Login with refresh_token not possible
Closed this issue ยท 8 comments
Script:
from tgtg import TgtgClient
client = TgtgClient(email="<your_email>", timeout=30)
client.login()
access_token = client.access_token
refresh_token = client.refresh_token
user_id = client.user_id
client = TgtgClient(access_token=access_token, refresh_token=refresh_token, user_id=user_id)
client.login()
Result of the last client.login() call:
Traceback (most recent call last):
File "script.py", line 10, in <module>
client.login()
File "/home/me/.local/lib/python3.8/site-packages/tgtg/__init__.py", line 112, in login
self._refresh_token()
File "/home/me/.local/lib/python3.8/site-packages/tgtg/__init__.py", line 98, in _refresh_token
raise TgtgAPIError(response.status_code, response.content)
tgtg.exceptions.TgtgAPIError: (404, b'{"timestamp":1637700413860,"status":404,"error":"Not Found","path":"/api/auth/v1/token/refresh"}')

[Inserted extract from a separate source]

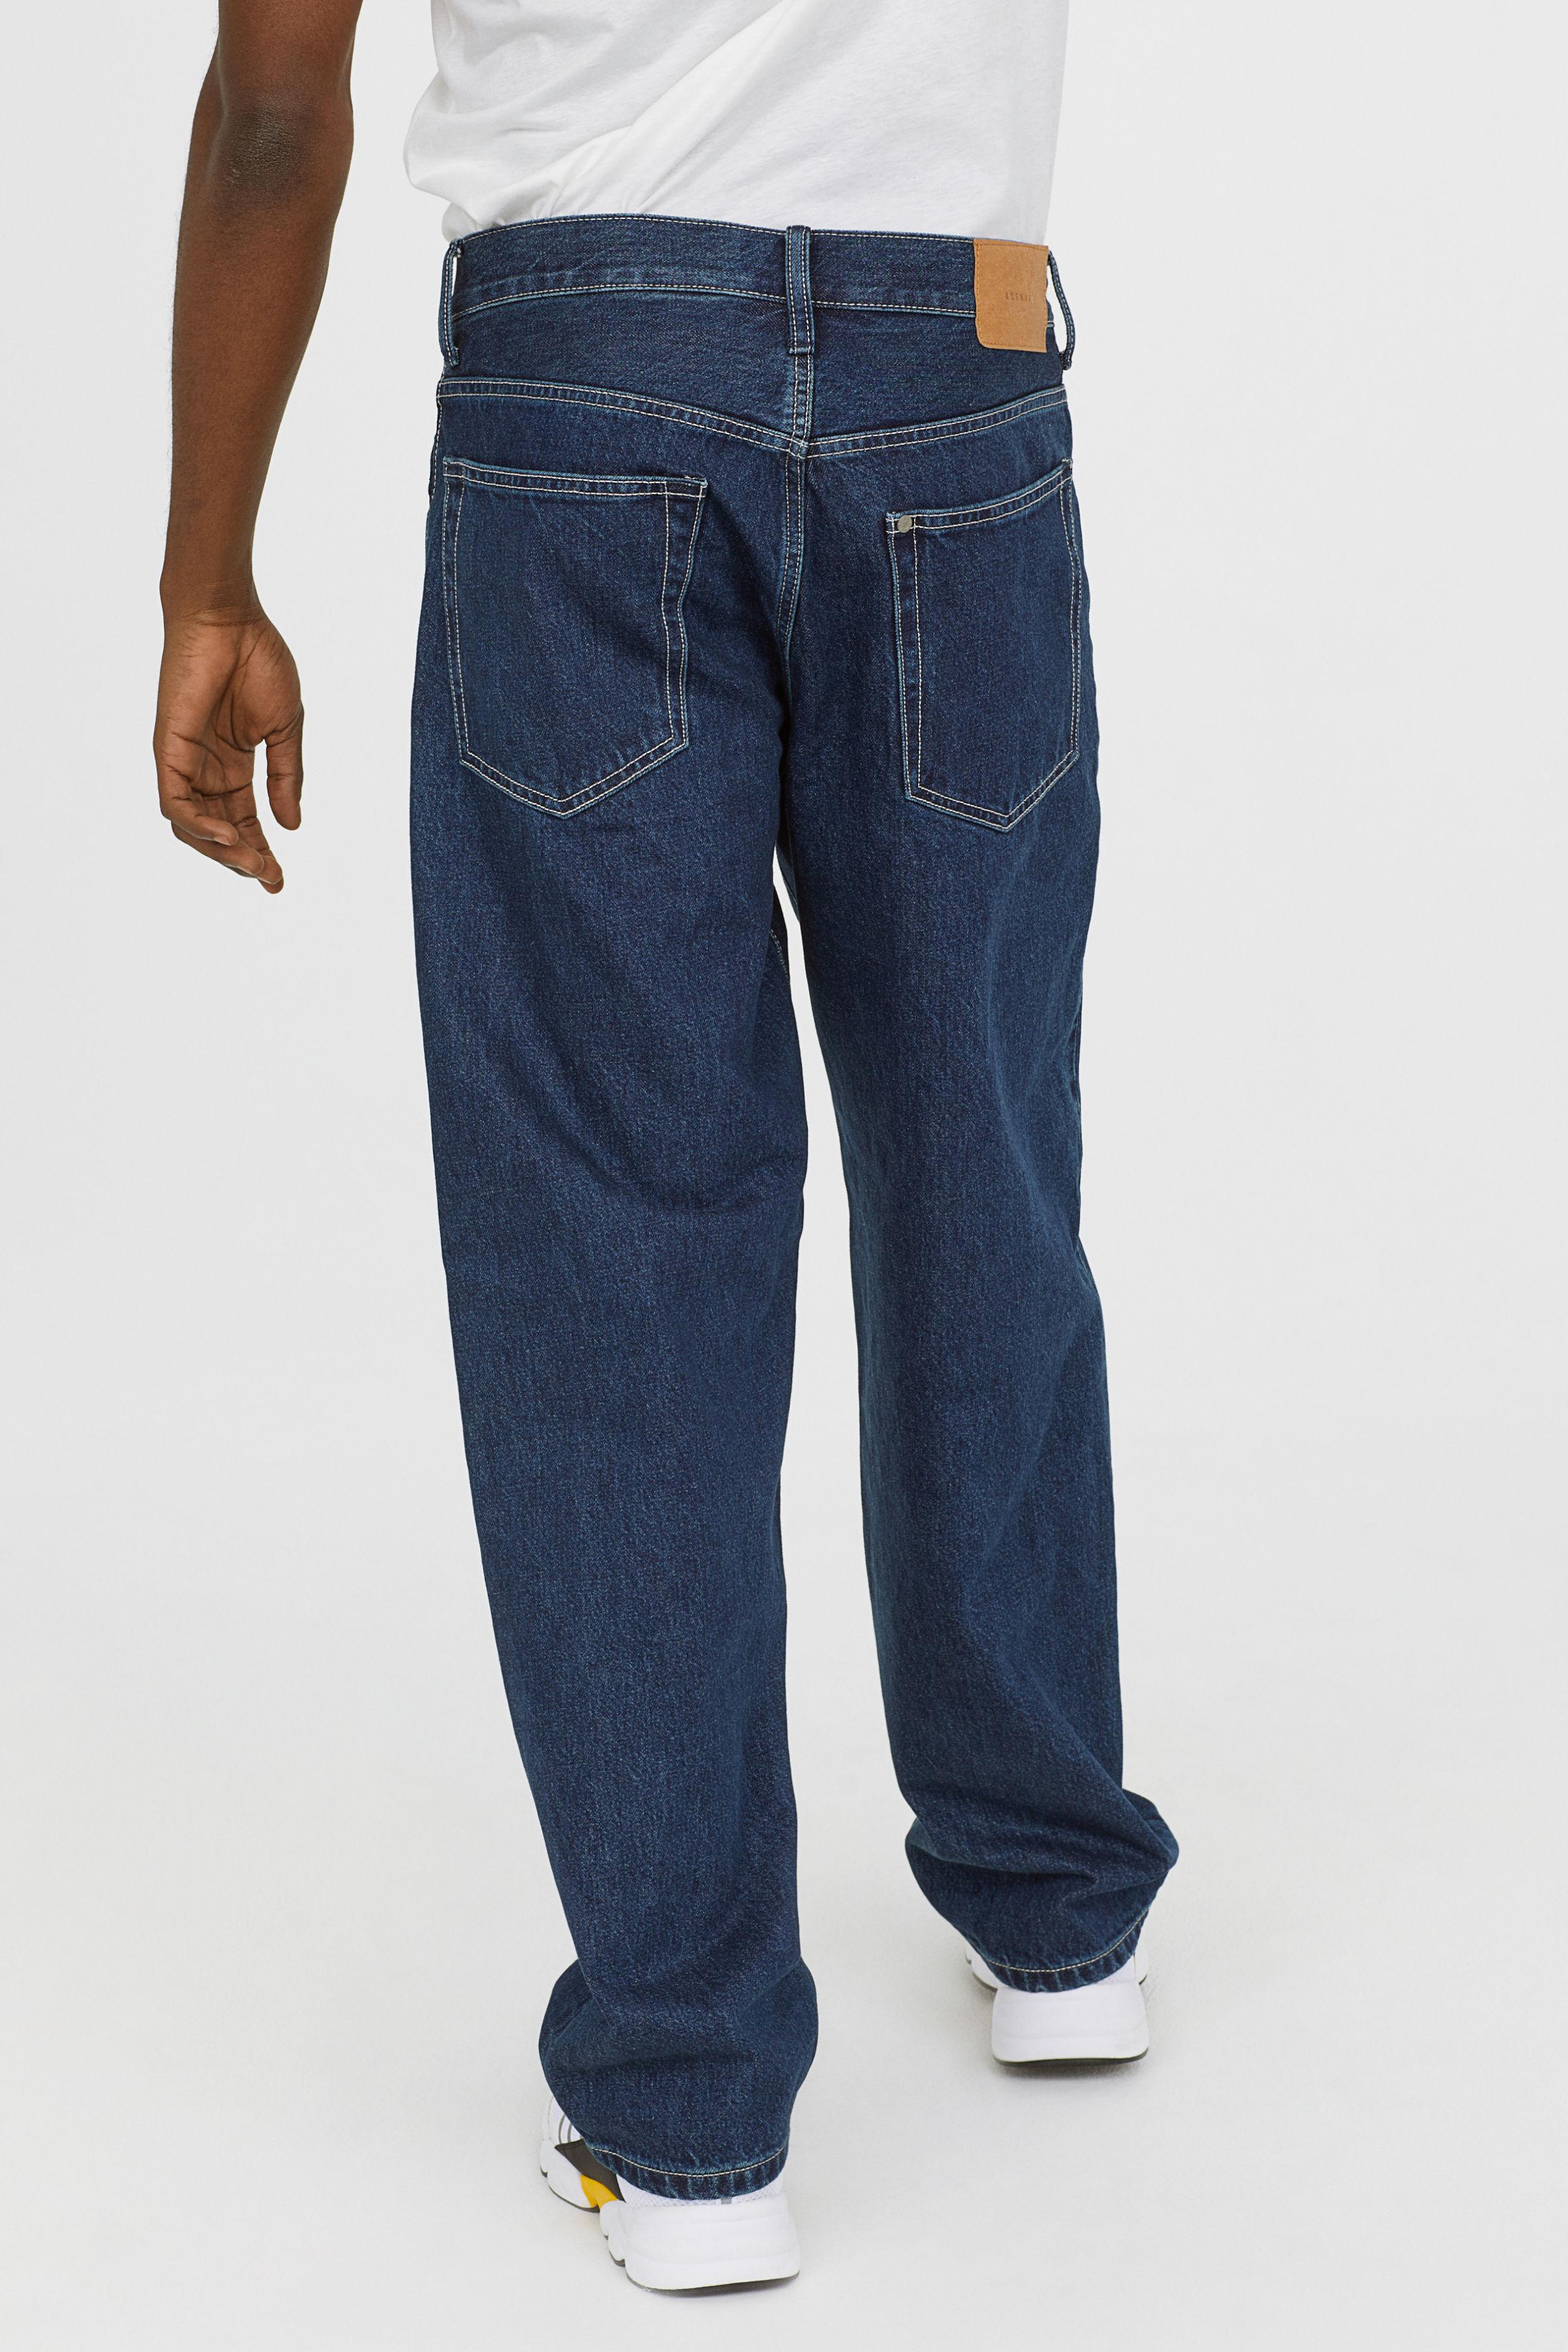 H&M Denim Baggy Jeans in Dark Denim Blue (Blue) for Men - Lyst

The endpoint is still used in current master:
Line 17 in 31eb360
Please check the new release 0.8.0
Already running it since yesterday, it works fine, I've been kicked out after about 20 hours with the following exception:
(403, b'<html><head><title>apptoogoodtogo.com</title><style>#cmsg{animation: A 1.5s;}@keyframes A{0%{opacity:0;}99%{opacity:0;}100%{opacity:1;}}</style></head><body style="margin:0"><p id="cmsg">Please enable JS and disable any ad blocker</p><script>var dd={\'cid\':\'remo-wew==\',\'hsh\':\'removed\',\'t\':\'fe\',\'r\':\'b\',\'s\':removed,\'host\':\'geo.captcha-delivery.com\'}</script><script src="https://ct.captcha-delivery.com/c.js"></script></body></html>\n')
but this is a new issue and might not be (easily) solvable. Feel free to close this ticket when no solution is expected.
My script was pulling the API about every 90 seconds.
It seems I spoke too soon. Login with email alone isn't possible any longer, the same exception as quoted above is thrown.
Edit: The Android app is still working even with the same email at the same IP address. No captcha shown not needed.
The problem is with Header that this script sends. You can replicate this issue using Postman.
Basically - Python's Requests library adds Accept to it's headers when sending a request. This will result in getting the 403 error and captcha in response. If you do not send the Accept in header - the request will succeed.
If you send the request via Postman with Accept header - you will get an error, but you will also get a Cookie header now. Once you have that Cookie header - you can send requests with Accept in header and it will go through properly as well.
I have no time to fix it in actual Python code, as it's not my primary language that I code in, but I hope this information will steer someone onto the right tracks.
If you want to temporarily fix the issue - you can add Cookie header to headers in the Python script with the cookie generated from Postman - the script works again now - for now.
If you want dirty quick fix then you just force Accept as empty in https://github.com/ahivert/tgtg-python/blob/master/tgtg/__init__.py#L71
No, this is not proper way of fixing that, but seems to be working.
def _headers(self):
headers = {
"user-agent": self.user_agent,
"accept-language": self.language,
"Accept": "",
"Accept-Encoding": "gzip",
}
@RobbedColek Thanks for your analysis, it's spot on. The proper Python/requests fix for omitting the Accept header should be using a session for which we can hard-code the headers better. I will open a pull request for this.